= David Friesenhausen =

German-Hungarian astronomer (1756–1828)

David ben Meir Cohen Friesenhausen (1756–1828) was a German-Hungarian astronomer, maskil, mathematician, and rabbi. Friesenhausen was one of the first proponents of Torah im Derech Eretz, a philosophy of Orthodox Judaism that formalizes a relationship between traditionally observant Judaism and the modern world. He proposed a dual curriculum of Jewish and secular studies for all rabbinic candidates, a radically innovative idea at that time. Friesenhausen wrote Mosedot Tebel and Kelil Heshbon. In the former, Friesenhausen writes in support of the Copernican heliocentrism, one of the first Jews to do so.

== Early life ==
In 1756, David Friesenhausen was born in Friesenhausen, a small community in southern Germany, 60 mi northeast of Frankfurt. In 1783, Friesenhausen married, but was divorced four years later. For the first 30 years of his life, Friesenhausen dedicated himself exclusively Torah study. His teachers included Joseph Steinhardt at Fürth and Moses Sofer of Pressburg. The latter attested that Friesenhausen was one of the outstanding students in his yeshiva. In 1786, Friesenhausen began immersing himself in various secular subjects, including math, astronomy, and philosophy.

== Berlin ==
In 1788, Friesenhausen moved to Berlin where he lived for the next eight years and was supported by Benjamin Halberstat. Berlin at that time was the center of the haskala movement (Jewish Enlightenment). Despite his involvement in secular subjects, Friesenhausen continued to study Torah intensively. In 1796, Friesenhausen published his first book, Kelil Heshbon a Hebrew language manual on algebra and trigonometry. Thereafter, Friesenhausen left Berlin to travel throughout Europe for the dual purpose of selling his newly published book and to attain advance subscriptions for planned book, Mosodot Tevel.

== Huncovce ==
Around 1800, Friesenhausen moved to Huncovce (then Hungary, now Slovakia) in the Carpathian Mountains. He was appointed dayyan (judge) and also worked as a merchant. According to Meir Gilon in R. David Friesenhausen: Between the Poles of Haskalah and Hasidut, Friesenhausen moved from Berlin to its polar opposite Huncovce because he grew disenchanted with the haskala movement in Berlin who in general rejected the divine authorship of the Torah and belief in God. Friesenhausen married again in Huncovce.
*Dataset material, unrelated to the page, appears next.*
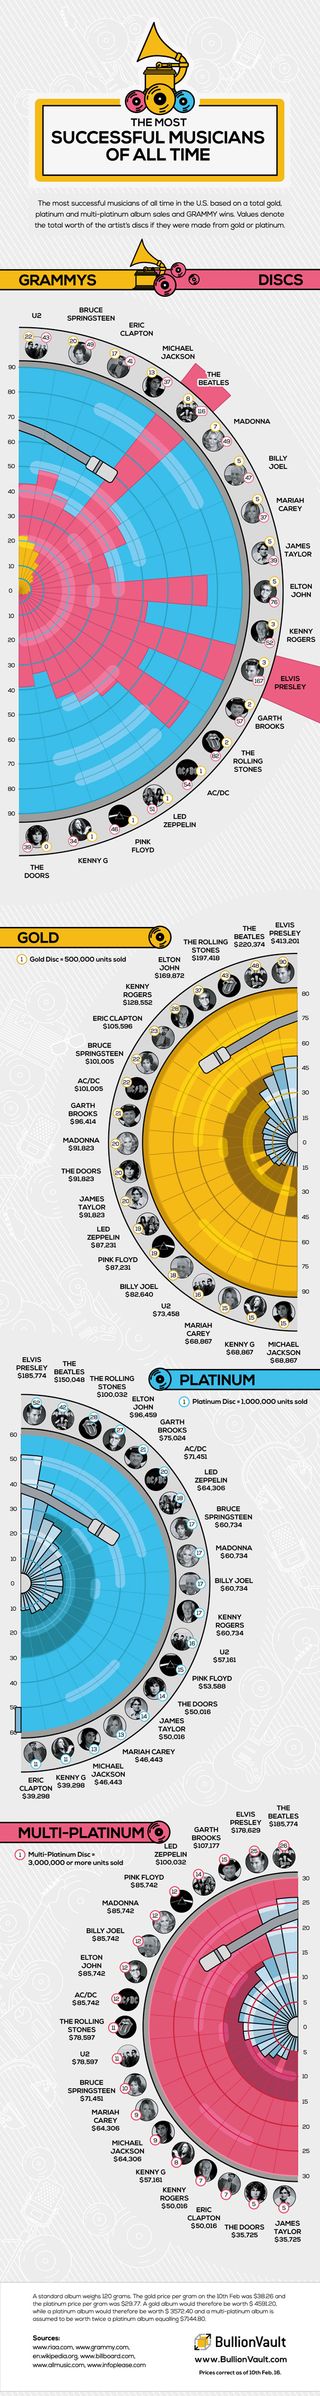 Infographic: Most successful musicians

In 1806, having become unhappy with the isolation of Huncovce, Friesenhausen moved to Pest. In Pest, Friesenhausen began to advocate for government oversighted rabbinical seminaries in Hungary, Galicia, and the Czech lands. Under Friesenhausen's proposal only graduates of these seminaries would be appointed to the rabbinate. The seminaries would mandate a curriculum of primarily Talmud, but also of Bible, humanities, and sciences, and gym. Friesenhausen was the first to make such a proposal and submitted his plan to the Archduke Joseph, Palatine of Hungary. On 26 July 1806 Friesenhausen met with Archduke Joseph, who promised to bring the matter to his brother Francis II, Holy Roman Emperor. The Hungarian rabbinate were unhappy with Friesenhausen's unilateral activities. They accused of him being a dangerous reformer and of undermining their position. Friesenhausen was unable to attain a rabbinic position in Pest so he moved back to Huncovce.
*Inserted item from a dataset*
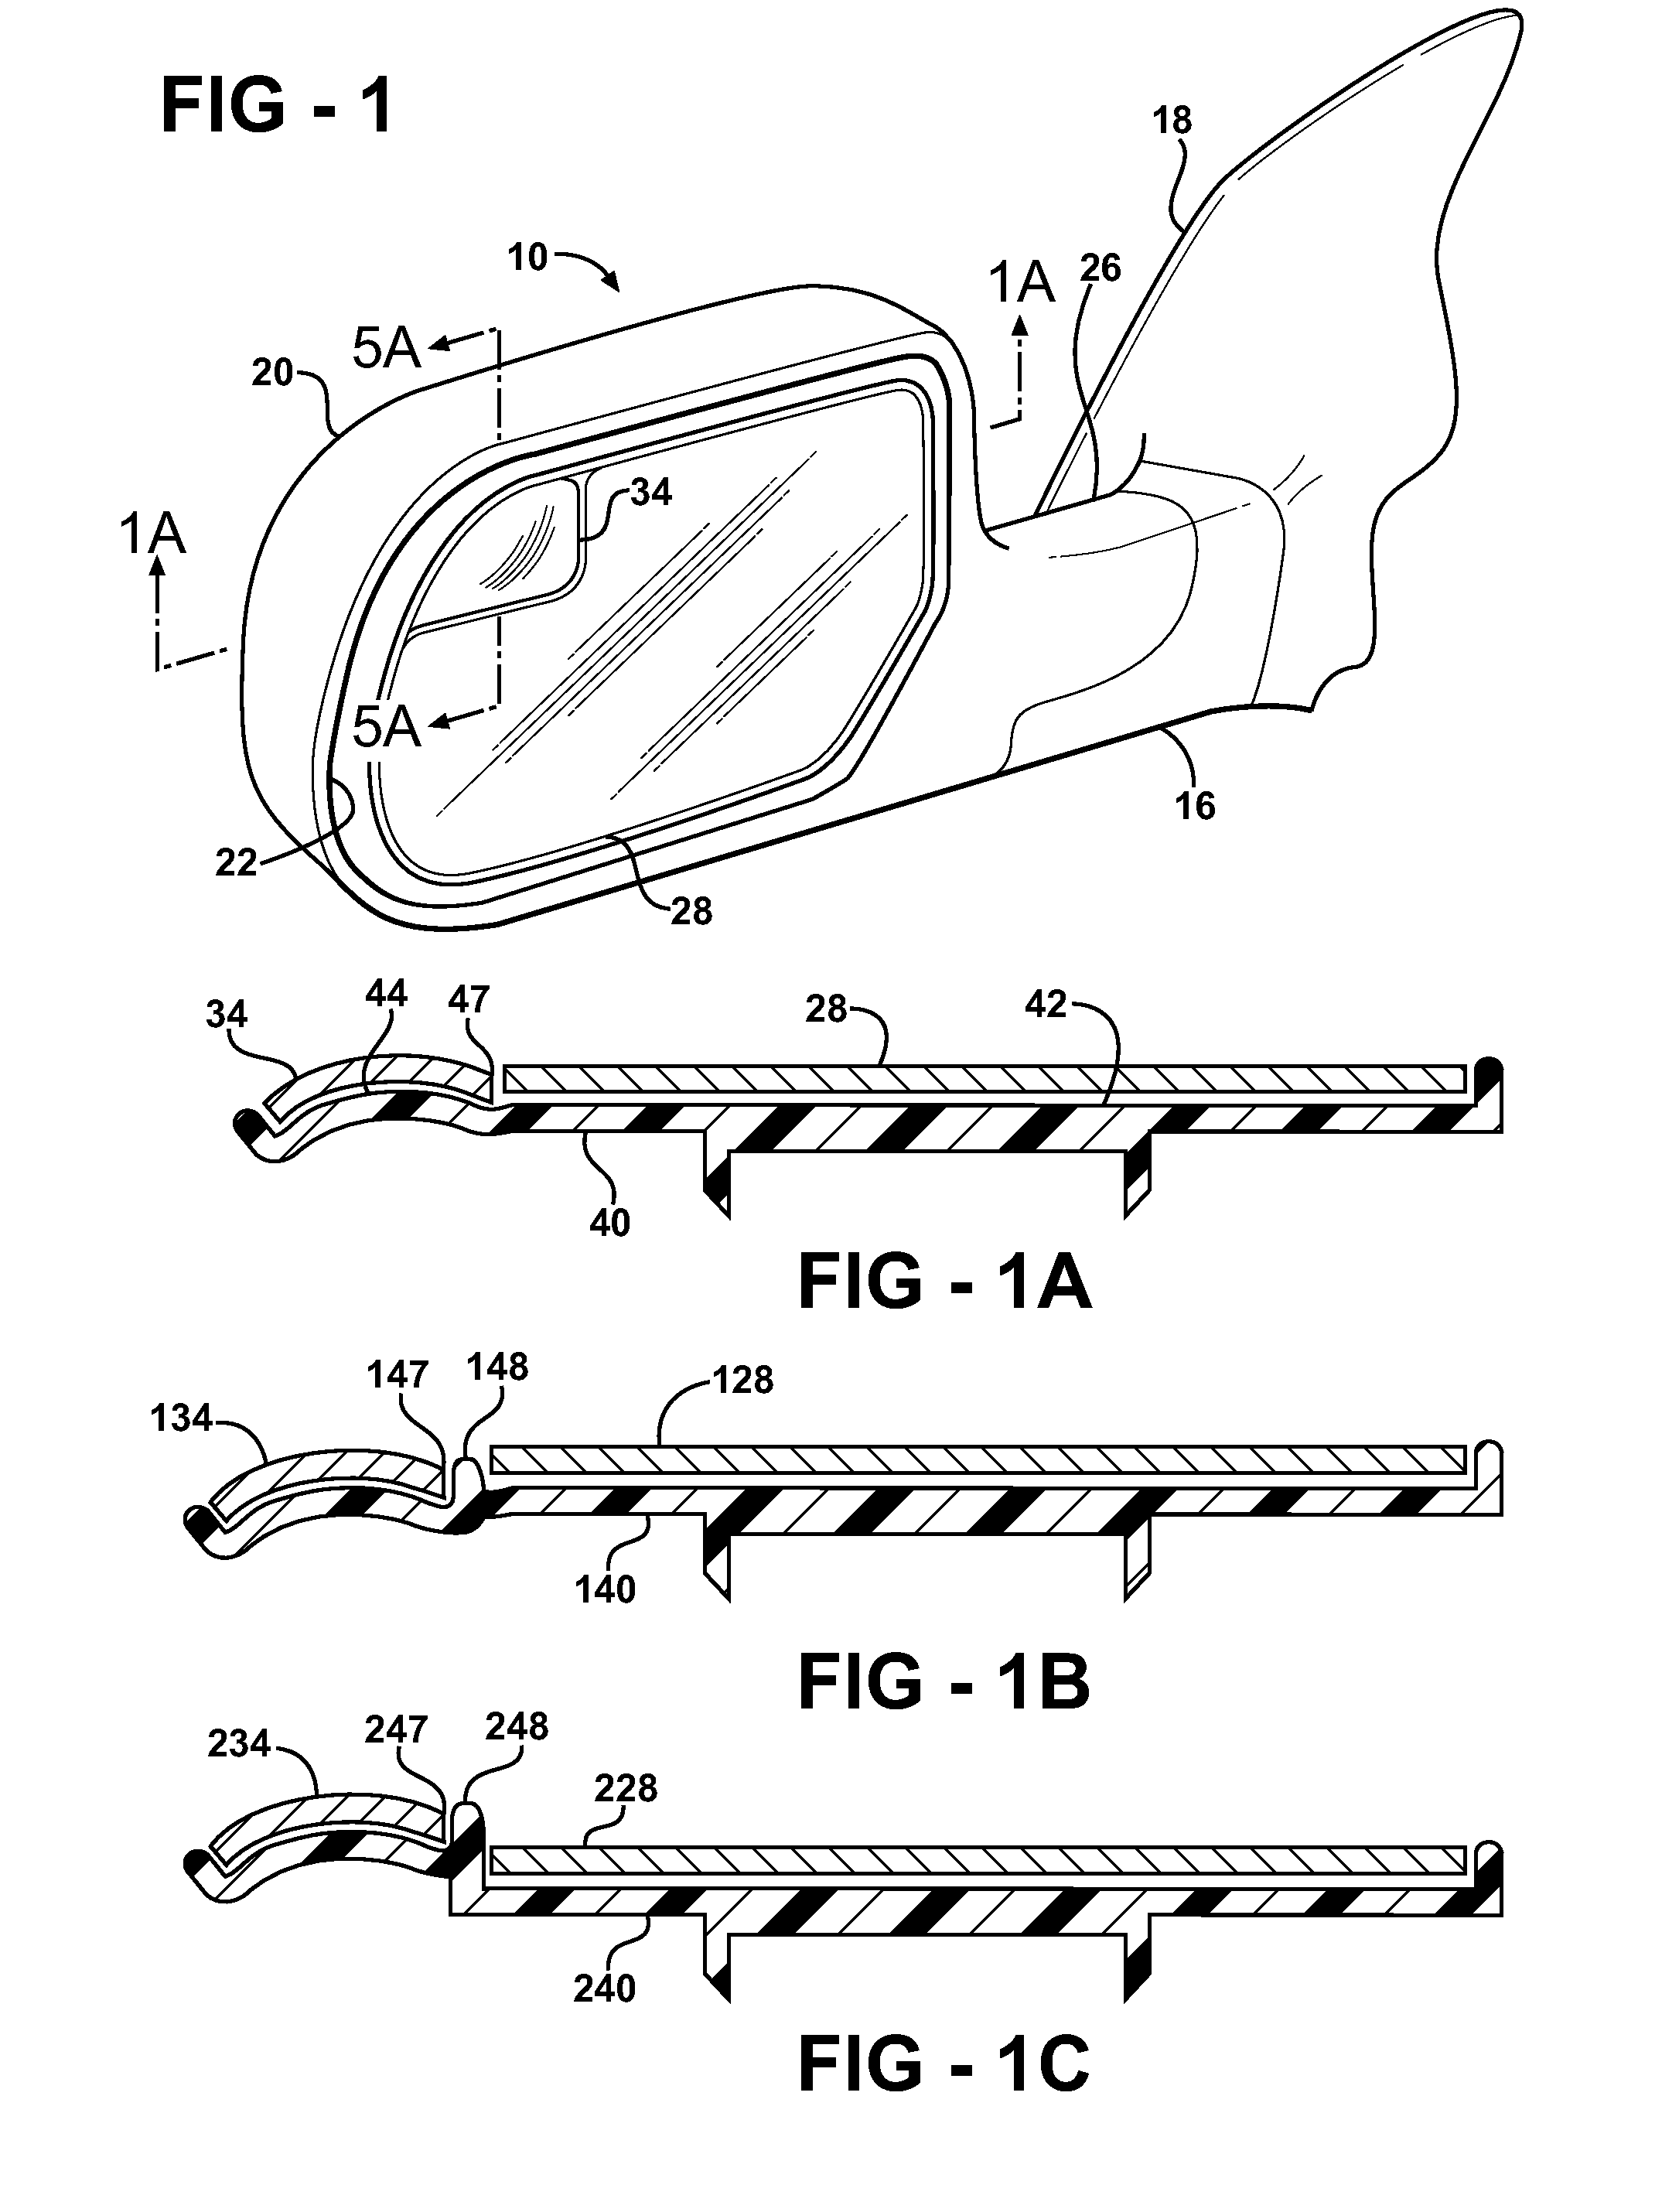 Exterior Rearview Mirror for Motor Vehicles

In 1813, after some deliberation, the government declined the proposal. The stated reasons were that: (1) The Jews did not have enough funds for the schools especially since the tolerance tax was increased; (2) the policy of the government was to assimilate the Jews; and (3) Jews were able to attend Christian schools.

== Sátoraljaújhely ==
Friesenhausen had difficulties making a reasonable income in Huncovce. In 1808, Friesenhausen moved to Sátoraljaújhely (Ujhely), Hungary, where he served as dayyan in the rabbinic court of Moses Teitelbaum. Friesenhausen was unhappy in Sátoraljaújhely, mainly due to his dislike of Moses Teitelbaum.
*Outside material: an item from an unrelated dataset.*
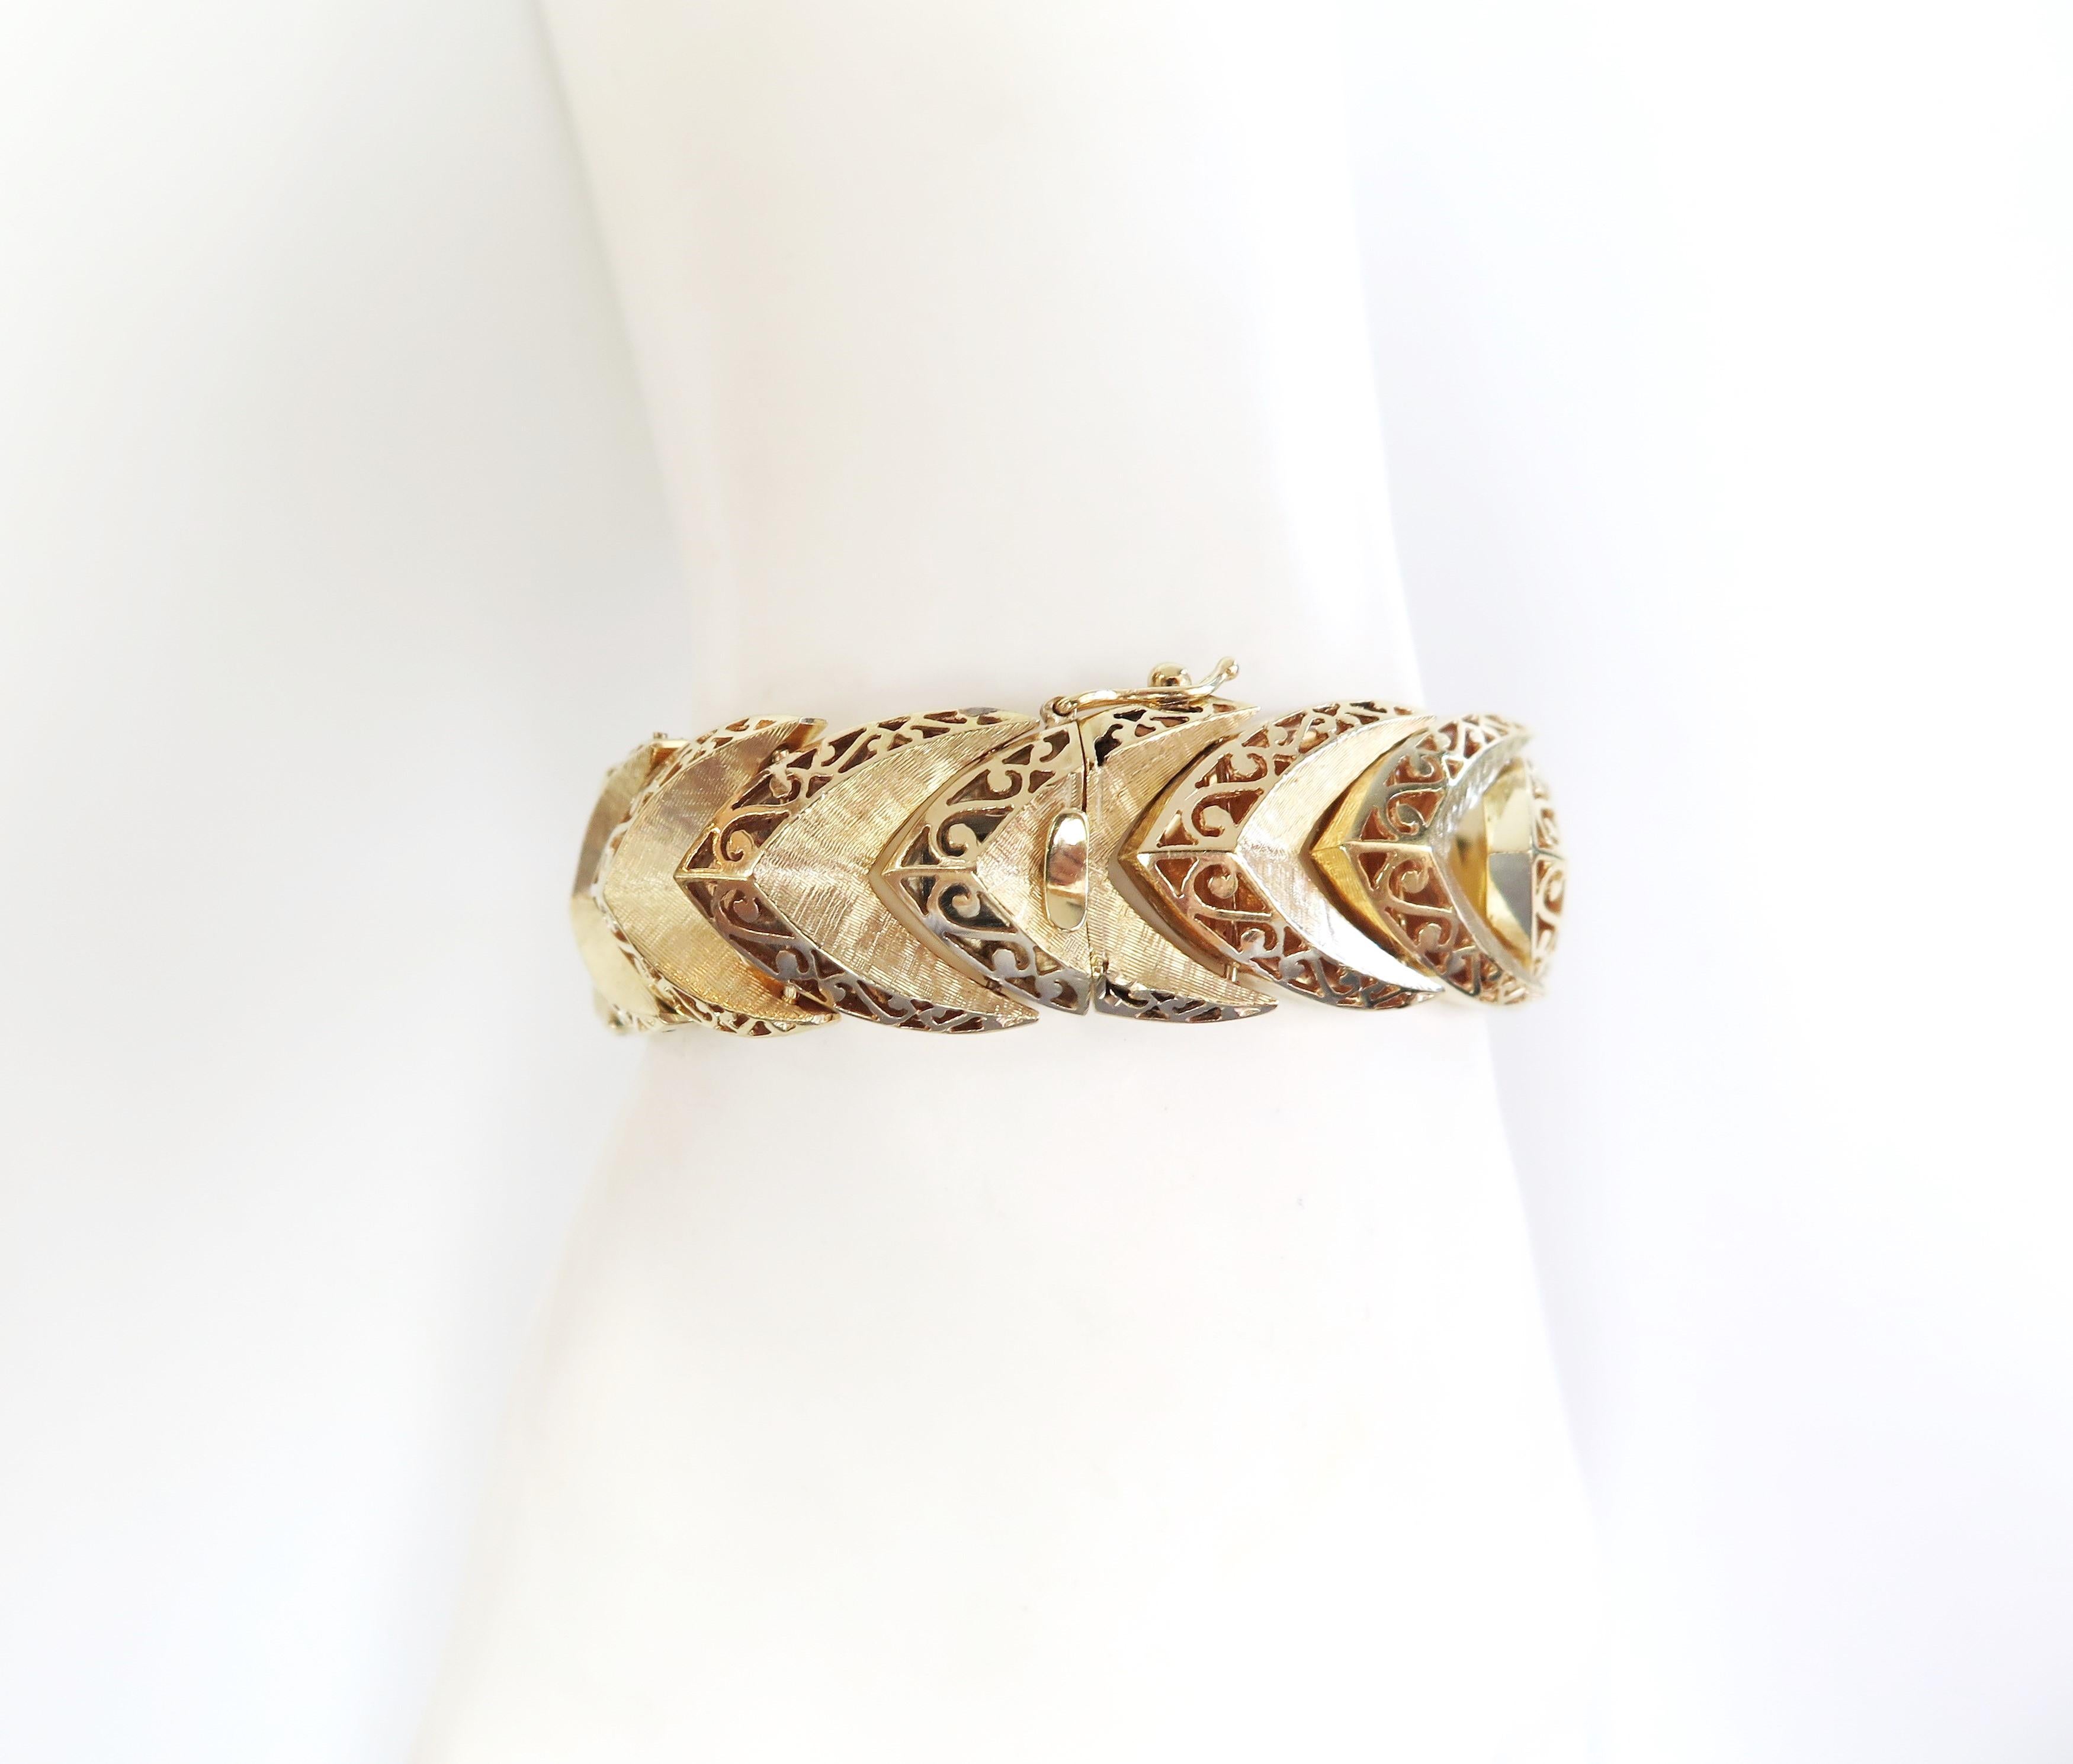 Wide Bracelet with Chevron and Scroll Design, 14 Karat Yellow Gold 3

Friesenhausen wrote Mosedot Tebel, a treatise on astronomy, in which he explains the Copernican heliocentrism. Mosedot Tebel also contains a proof for the eleventh axiom of Euclid, and a 74-page ethical Will & Testament to his children. In 1816, Friesenhausen left Sátoraljaújhely in order to secure financing for the publication of his book, eventually getting it published in Vienna in 1820.

== Later life ==
After publishing Mosedot Tebel, Friesenhausen retired and spent his remaining years in Alba Iulia with his son Meir, a physician. David died on 23 March 1828.